What you will do —
Under this line are the records; repeat exactly the lines starting at the one containing "Amenities at Bonnie Springs Ranch, Nevada" and ending at the one containing "Xiaomi Mi 11 Skin Wrap", omitting pictures.

Given entries —

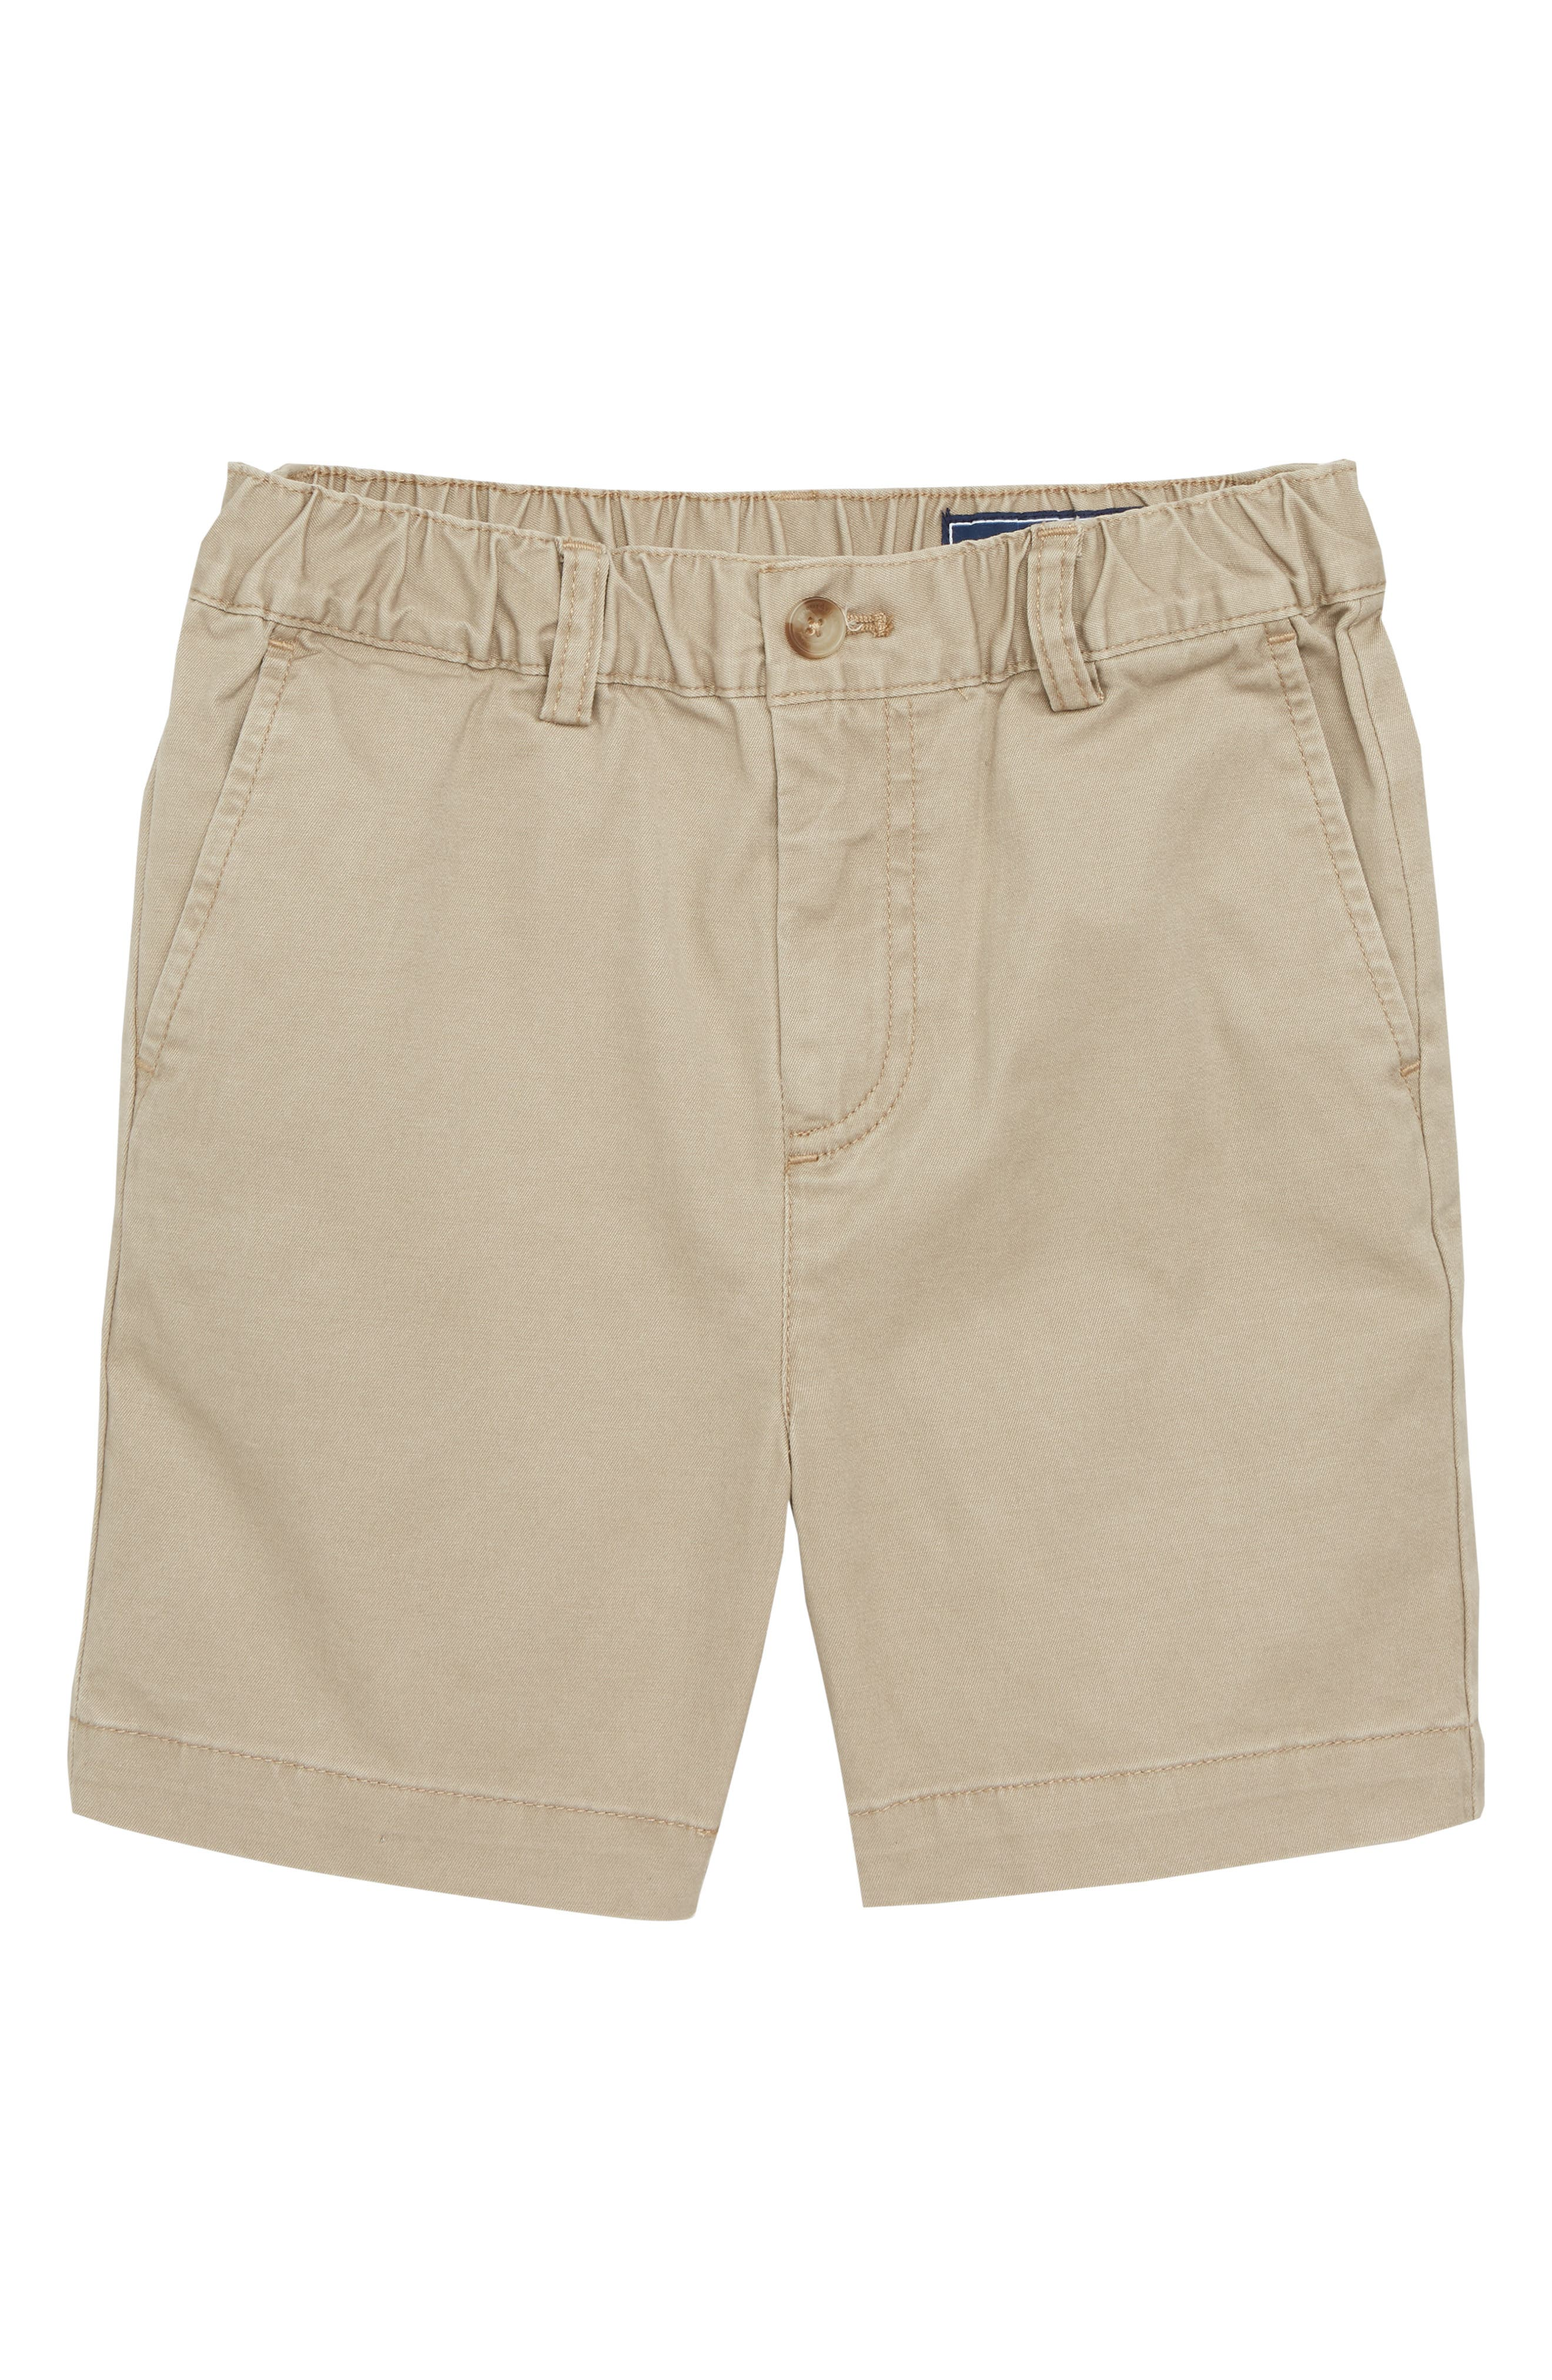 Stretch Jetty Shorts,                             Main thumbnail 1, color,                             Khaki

...

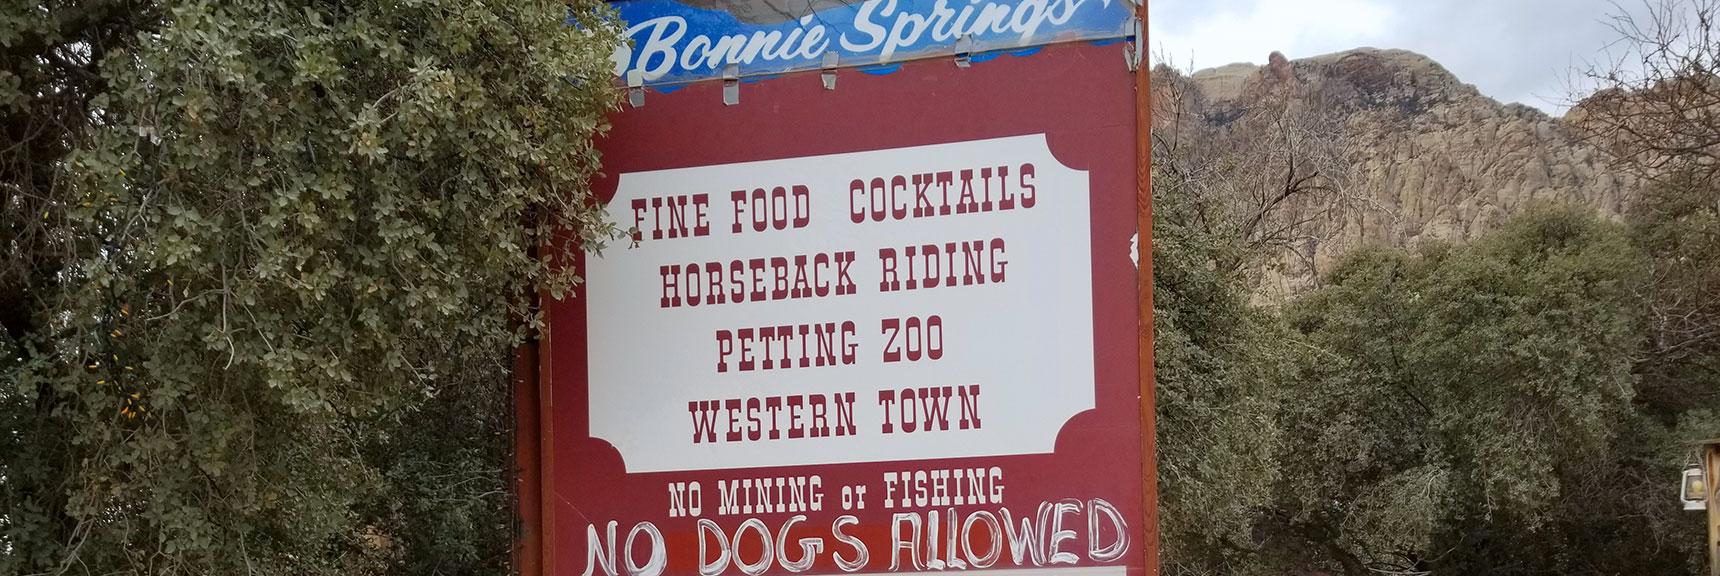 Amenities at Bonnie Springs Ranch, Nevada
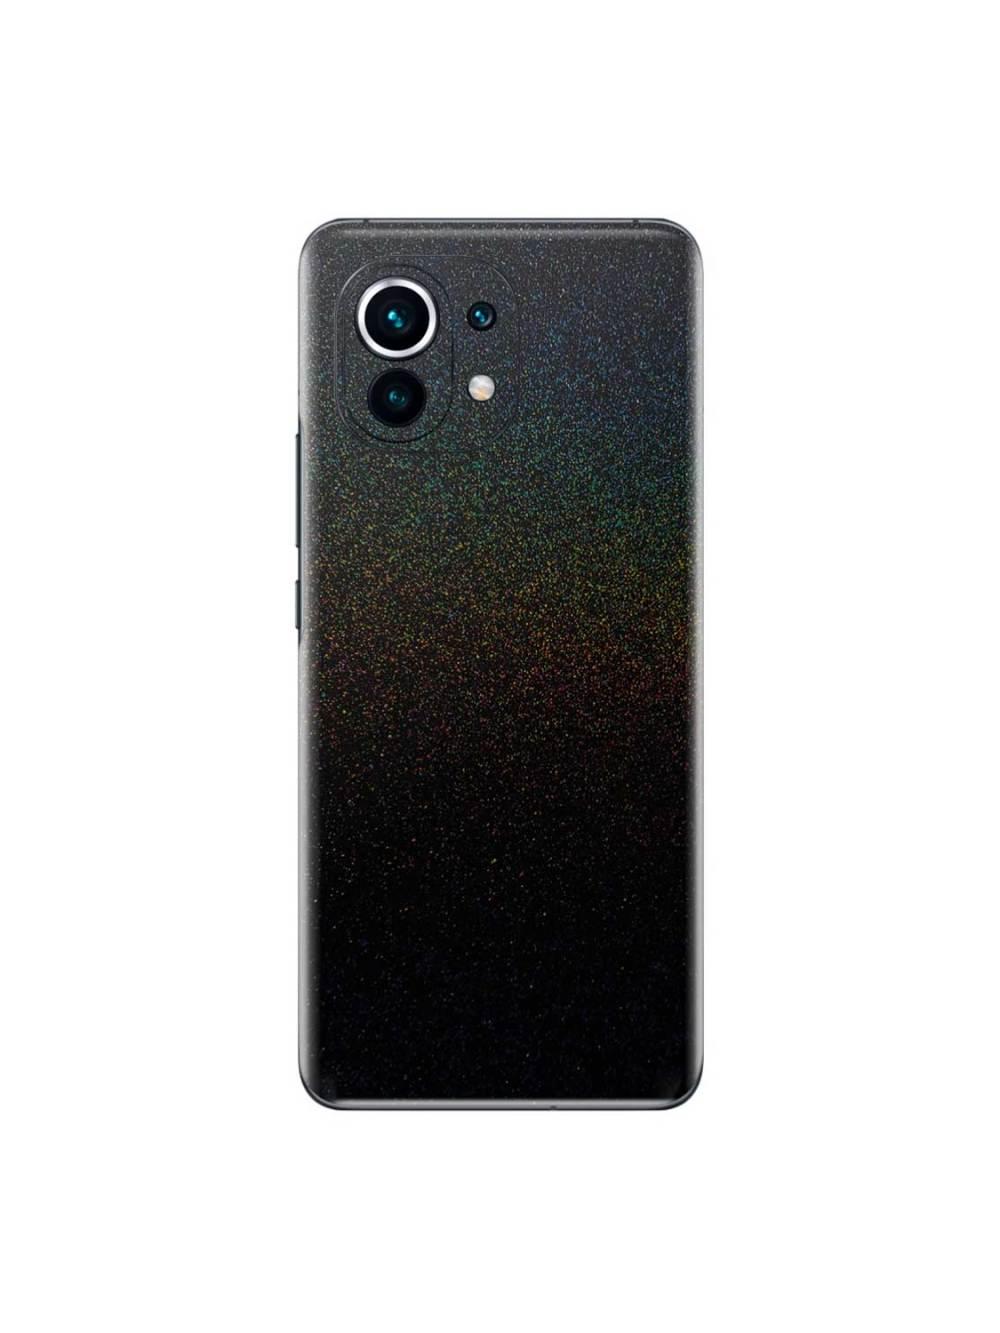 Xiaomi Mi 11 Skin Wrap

Completed exercise —
 Amenities at Bonnie Springs Ranch, Nevada
 Xiaomi Mi 11 Skin Wrap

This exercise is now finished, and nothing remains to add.